- _Exercise objective_: Take the entries below and print only the lines from the one with "car liability insurance" through the one with "Beltman building, Dutch", exactly as they stand, both ends included.

- _Entries provided_:
####

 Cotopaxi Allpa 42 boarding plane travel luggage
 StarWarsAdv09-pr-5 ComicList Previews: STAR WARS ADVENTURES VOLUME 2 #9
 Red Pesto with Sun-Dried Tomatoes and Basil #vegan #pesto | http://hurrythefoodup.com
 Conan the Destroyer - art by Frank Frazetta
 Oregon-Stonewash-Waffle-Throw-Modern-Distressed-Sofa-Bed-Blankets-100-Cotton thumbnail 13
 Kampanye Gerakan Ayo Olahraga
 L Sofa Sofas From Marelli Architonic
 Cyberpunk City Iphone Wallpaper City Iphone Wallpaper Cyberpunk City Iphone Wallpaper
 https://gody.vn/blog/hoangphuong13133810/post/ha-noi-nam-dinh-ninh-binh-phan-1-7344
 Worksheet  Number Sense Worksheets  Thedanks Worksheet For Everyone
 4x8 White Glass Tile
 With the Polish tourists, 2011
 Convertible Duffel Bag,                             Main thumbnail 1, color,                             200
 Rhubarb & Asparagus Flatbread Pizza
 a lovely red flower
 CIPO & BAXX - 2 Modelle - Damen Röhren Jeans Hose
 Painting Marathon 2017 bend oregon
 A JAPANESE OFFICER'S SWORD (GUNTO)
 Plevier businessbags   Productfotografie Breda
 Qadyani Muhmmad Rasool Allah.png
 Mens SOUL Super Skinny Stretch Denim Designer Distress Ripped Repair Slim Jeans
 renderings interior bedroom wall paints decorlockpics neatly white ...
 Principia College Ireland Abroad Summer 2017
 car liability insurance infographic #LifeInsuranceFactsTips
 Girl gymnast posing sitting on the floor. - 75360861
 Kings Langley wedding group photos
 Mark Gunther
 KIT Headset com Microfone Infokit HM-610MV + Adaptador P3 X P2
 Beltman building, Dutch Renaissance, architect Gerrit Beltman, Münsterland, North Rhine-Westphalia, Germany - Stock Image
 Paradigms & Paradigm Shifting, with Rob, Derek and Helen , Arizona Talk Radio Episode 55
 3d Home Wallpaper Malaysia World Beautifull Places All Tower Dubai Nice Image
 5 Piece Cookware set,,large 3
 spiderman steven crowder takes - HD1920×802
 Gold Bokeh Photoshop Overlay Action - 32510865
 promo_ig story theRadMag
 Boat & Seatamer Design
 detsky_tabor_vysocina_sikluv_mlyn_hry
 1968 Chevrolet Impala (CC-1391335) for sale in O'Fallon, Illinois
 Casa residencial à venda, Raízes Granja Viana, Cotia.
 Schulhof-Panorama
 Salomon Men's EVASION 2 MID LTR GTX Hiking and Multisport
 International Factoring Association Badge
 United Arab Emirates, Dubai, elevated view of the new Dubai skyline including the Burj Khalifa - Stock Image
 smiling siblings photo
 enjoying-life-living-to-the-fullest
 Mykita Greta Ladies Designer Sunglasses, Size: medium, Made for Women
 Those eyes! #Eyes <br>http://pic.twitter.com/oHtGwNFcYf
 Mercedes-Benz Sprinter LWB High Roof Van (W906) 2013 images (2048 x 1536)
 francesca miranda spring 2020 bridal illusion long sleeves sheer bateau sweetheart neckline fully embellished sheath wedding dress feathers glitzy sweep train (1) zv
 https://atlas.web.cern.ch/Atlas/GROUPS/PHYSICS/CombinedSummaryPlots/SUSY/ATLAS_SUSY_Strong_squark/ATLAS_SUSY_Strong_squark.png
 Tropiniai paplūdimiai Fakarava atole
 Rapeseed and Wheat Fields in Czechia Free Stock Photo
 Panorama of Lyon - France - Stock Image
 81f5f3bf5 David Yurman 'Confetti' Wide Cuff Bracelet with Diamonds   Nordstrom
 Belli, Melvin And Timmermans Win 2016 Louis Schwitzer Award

####

- _Problem solution_:
 car liability insurance infographic #LifeInsuranceFactsTips
 Girl gymnast posing sitting on the floor. - 75360861
 Kings Langley wedding group photos
 Mark Gunther
 KIT Headset com Microfone Infokit HM-610MV + Adaptador P3 X P2
 Beltman building, Dutch Renaissance, architect Gerrit Beltman, Münsterland, North Rhine-Westphalia, Germany - Stock Image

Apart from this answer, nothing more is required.